[20.12.2009]
Kurz vor Weihnachten ist der
vierjährige Abdul Malik zusammen mit seiner Mutter aus Tschetschenien zur
Behandlung zu uns gekommen. Als die Mutter Reisig im Garten verbrannte
explodierte eine im Erdreich liegende Mine. Von dieser Explosion hat Abdul
Malik schwere Verbrennungen im Gesicht, eine erhebliche Deformation der
Ohrmuschel und eine funktionsbehindernde
Kontraktur im Handgelenk, die nicht angemessen in seinem Heimatland behandelt
werden können. In den nächsten Tagen beginnen wir mit den ersten Operationen.
Malik vor seiner ersten Operation.
[04.02.2010]
Malik, unser neuer Patient, kann nach seiner ersten Operation am 4. Februar aus dem Krankenhaus entlassen werden. Die Operation der Verbrennungen im Gesicht ist gut verlaufen. Alles ist gut verheilt.

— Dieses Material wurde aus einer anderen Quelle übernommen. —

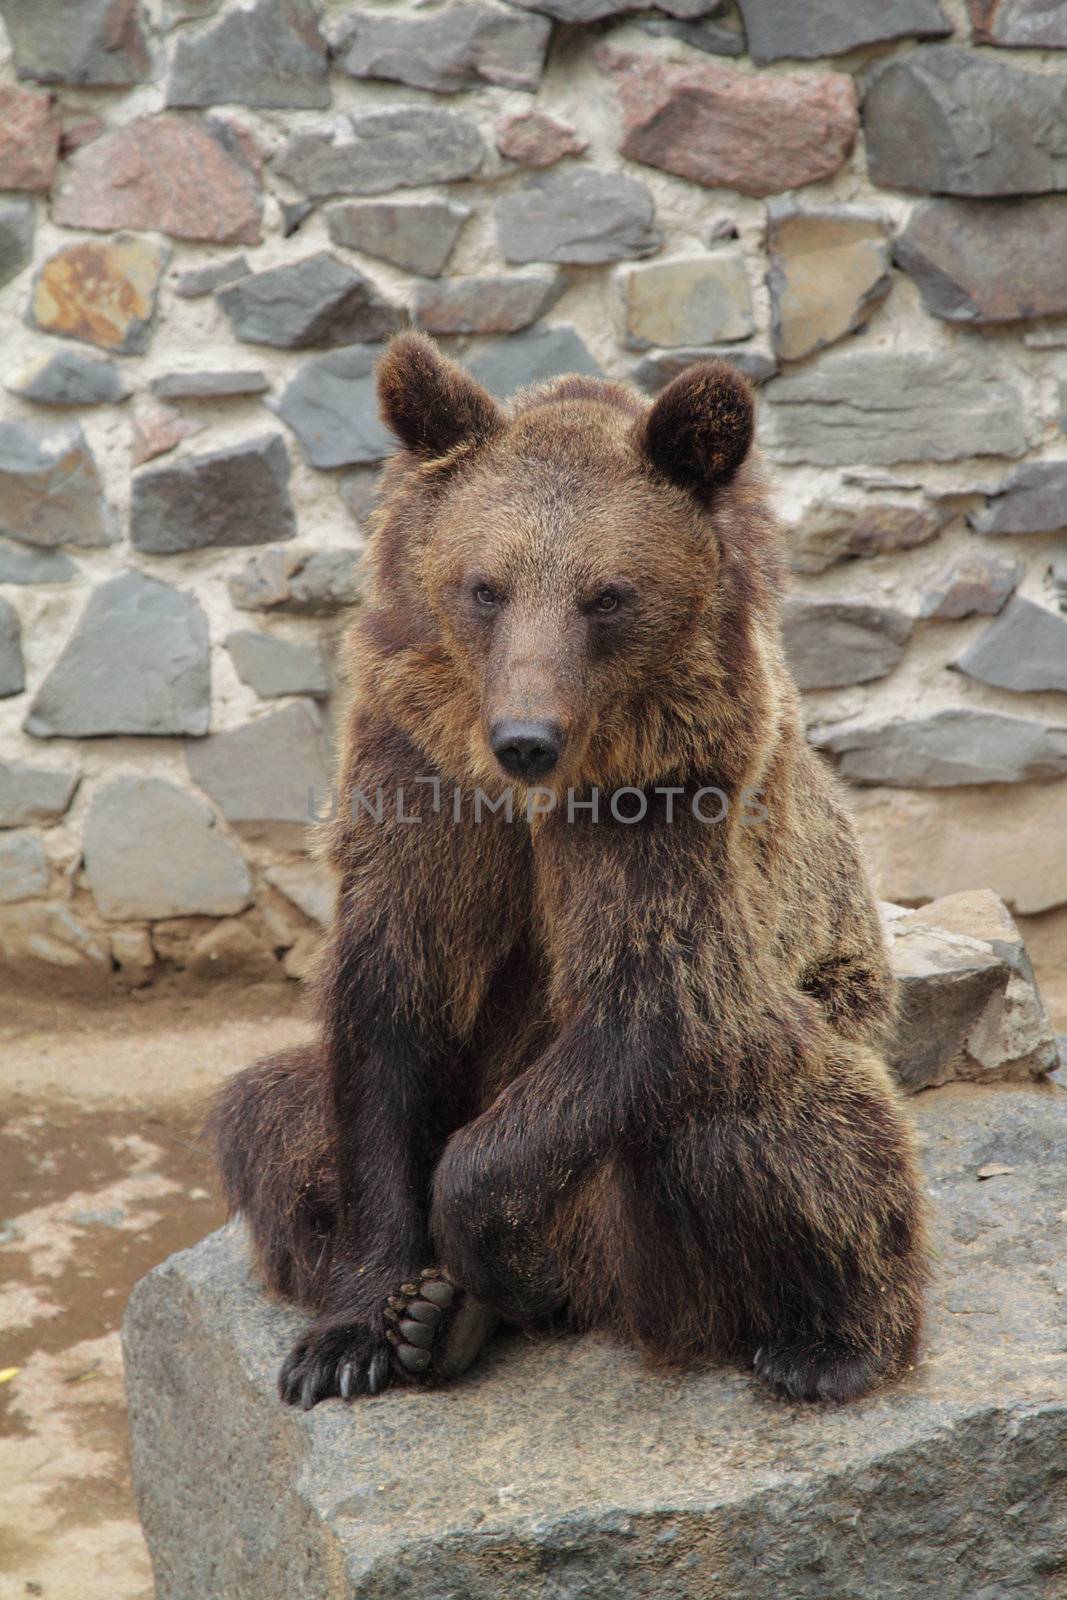 A brown bear on a stone in the zoo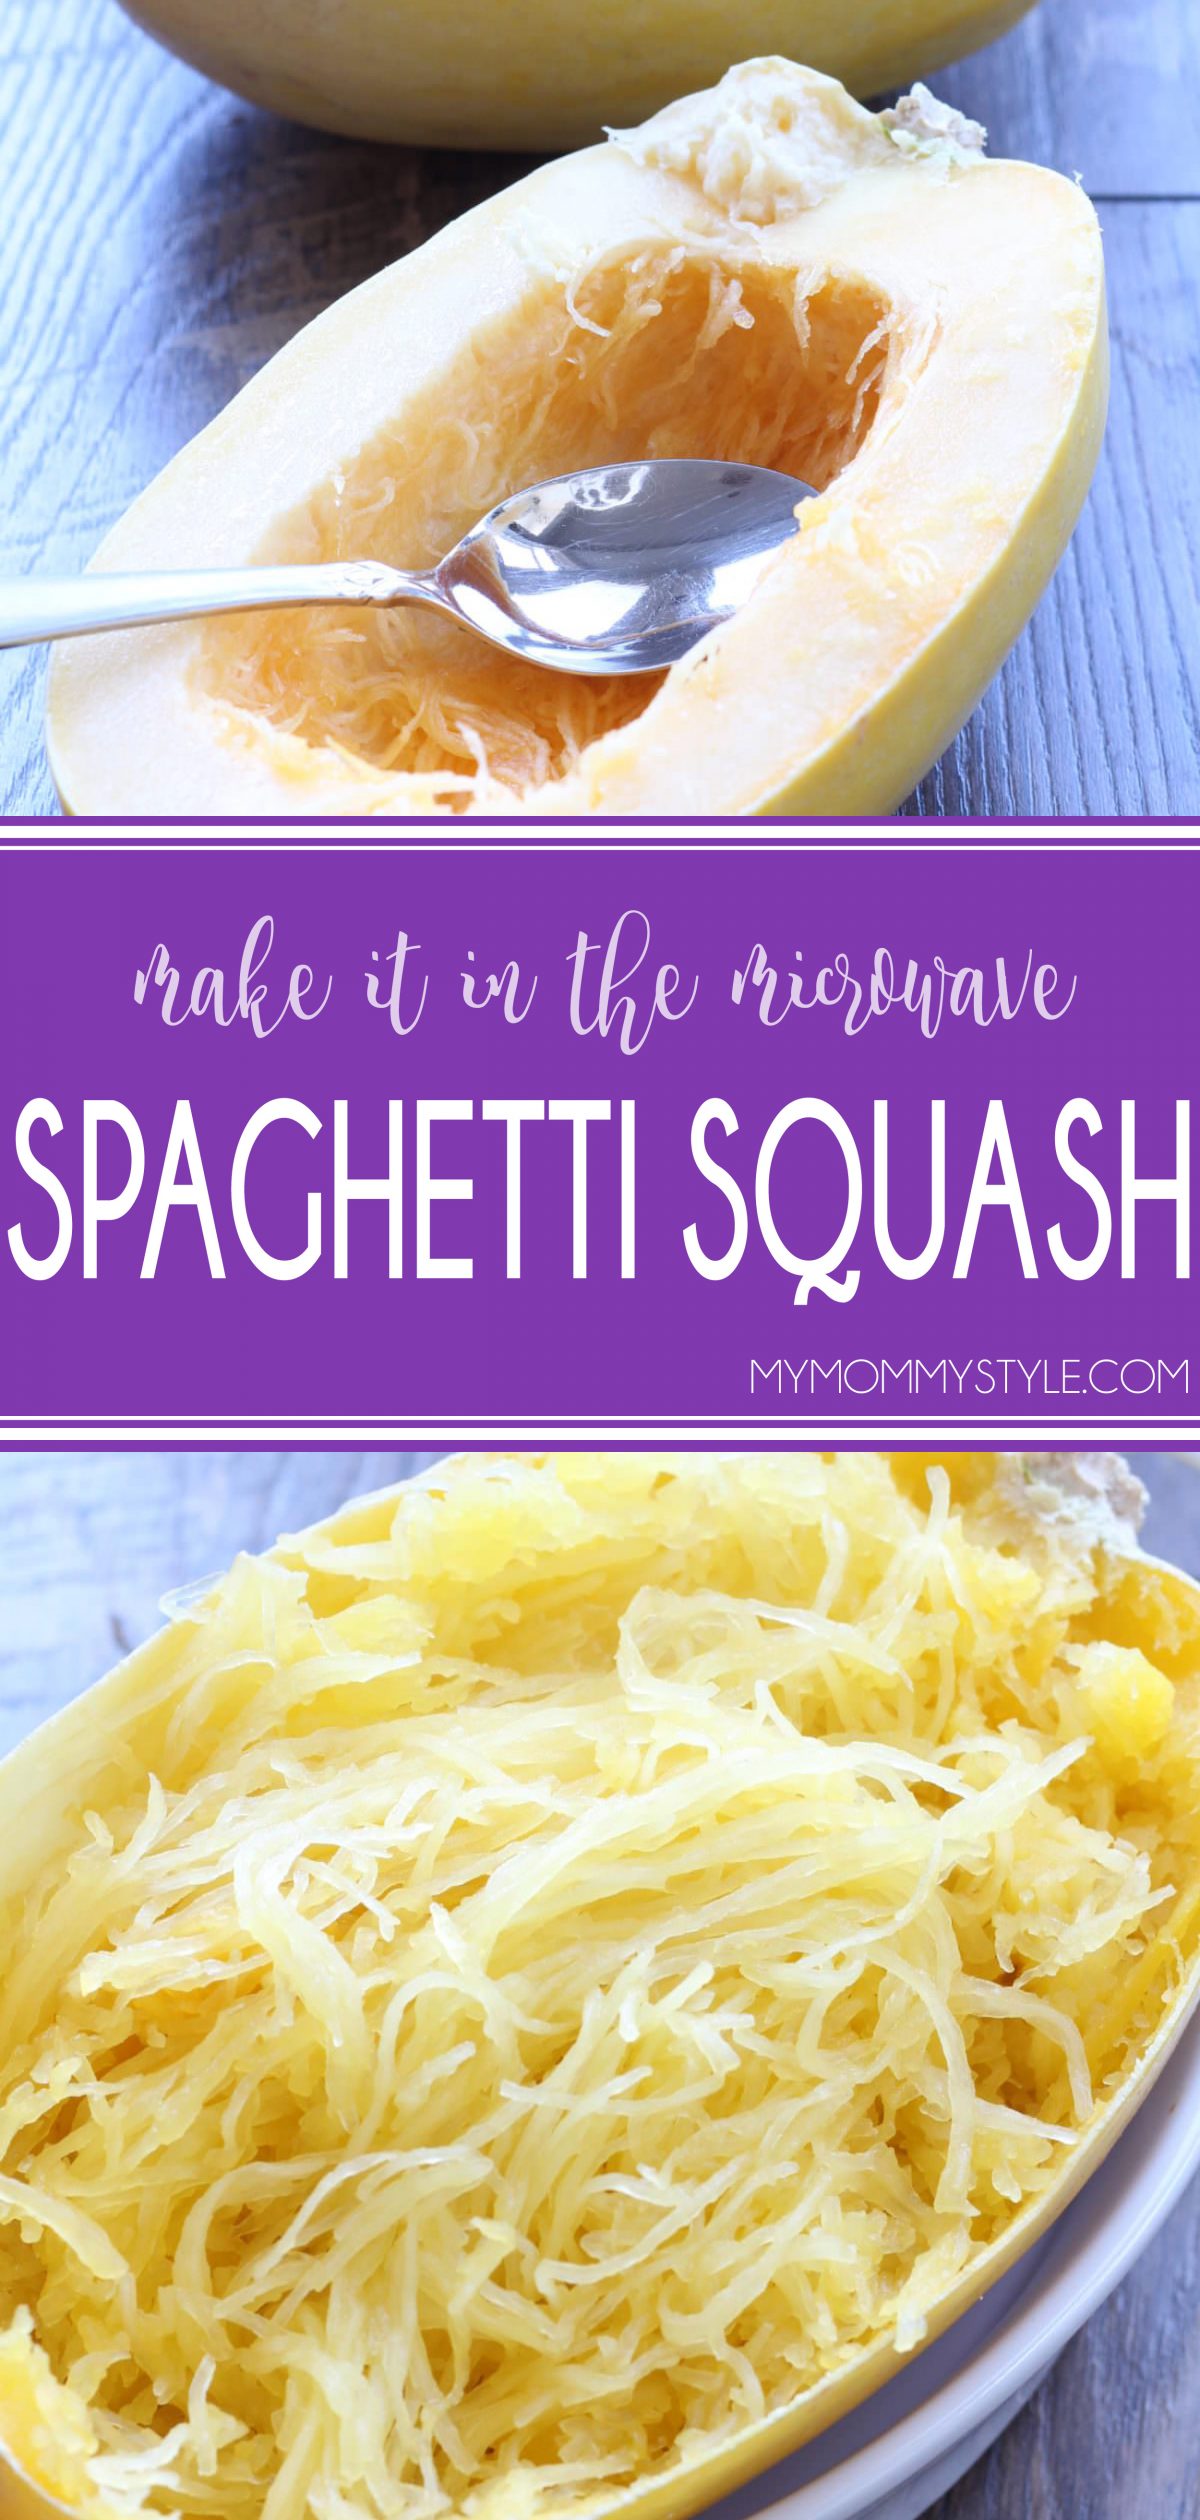 Make tender, healthy spaghetti squash quickly in the microwave. via @mymommystyle

Zusammen mit seiner Mutter sammelt Malik nun neue Kraft in der placet Wohnung für die nächste Operation: Ende Februar soll die funktionsbehindernde Kontraktur im Handgelenk behandelt werden.
Malik und seine Mutter vor der ersten Operation.
[26.05.2010]
In fünf Operationen haben wir Malik, unserem kleinen Patienten aus Tschetschenien, die Mundwinkel, die Wangen und die Augenwinkel korrigiert. Auch die Behandlung der linken Hand ist nun so weit fortgeschritten, dass Malik wieder mit der Krankengymnastik in der Manufraktur beginnen kann.
Malik beim Verbandswechsel in der Klinik von Prof. Peter.
[25.06.2010]
Malik und seine Mutter sind am 20. Juni wieder zurück nach
Tschetschenien geflogen. In insgesamt fünf Operationen hat das placet-Team
Malik die Mundwinkel, die Wangen und die Augenwinkel korrigiert. Da die
Behandlung und der Heilungsprozess der linken Hand so gut verliefen, konnte
Malik während seines Aufenthaltes in Deutschland mehrmals an der Krankengymnastik
in der Manufraktur teilnehmen.
Malik und seine Mutter mit Prof. Peter, Ronny Kammer
und Ekkehard Maaß (Deutsch-Kaukasiche Gesellschaft)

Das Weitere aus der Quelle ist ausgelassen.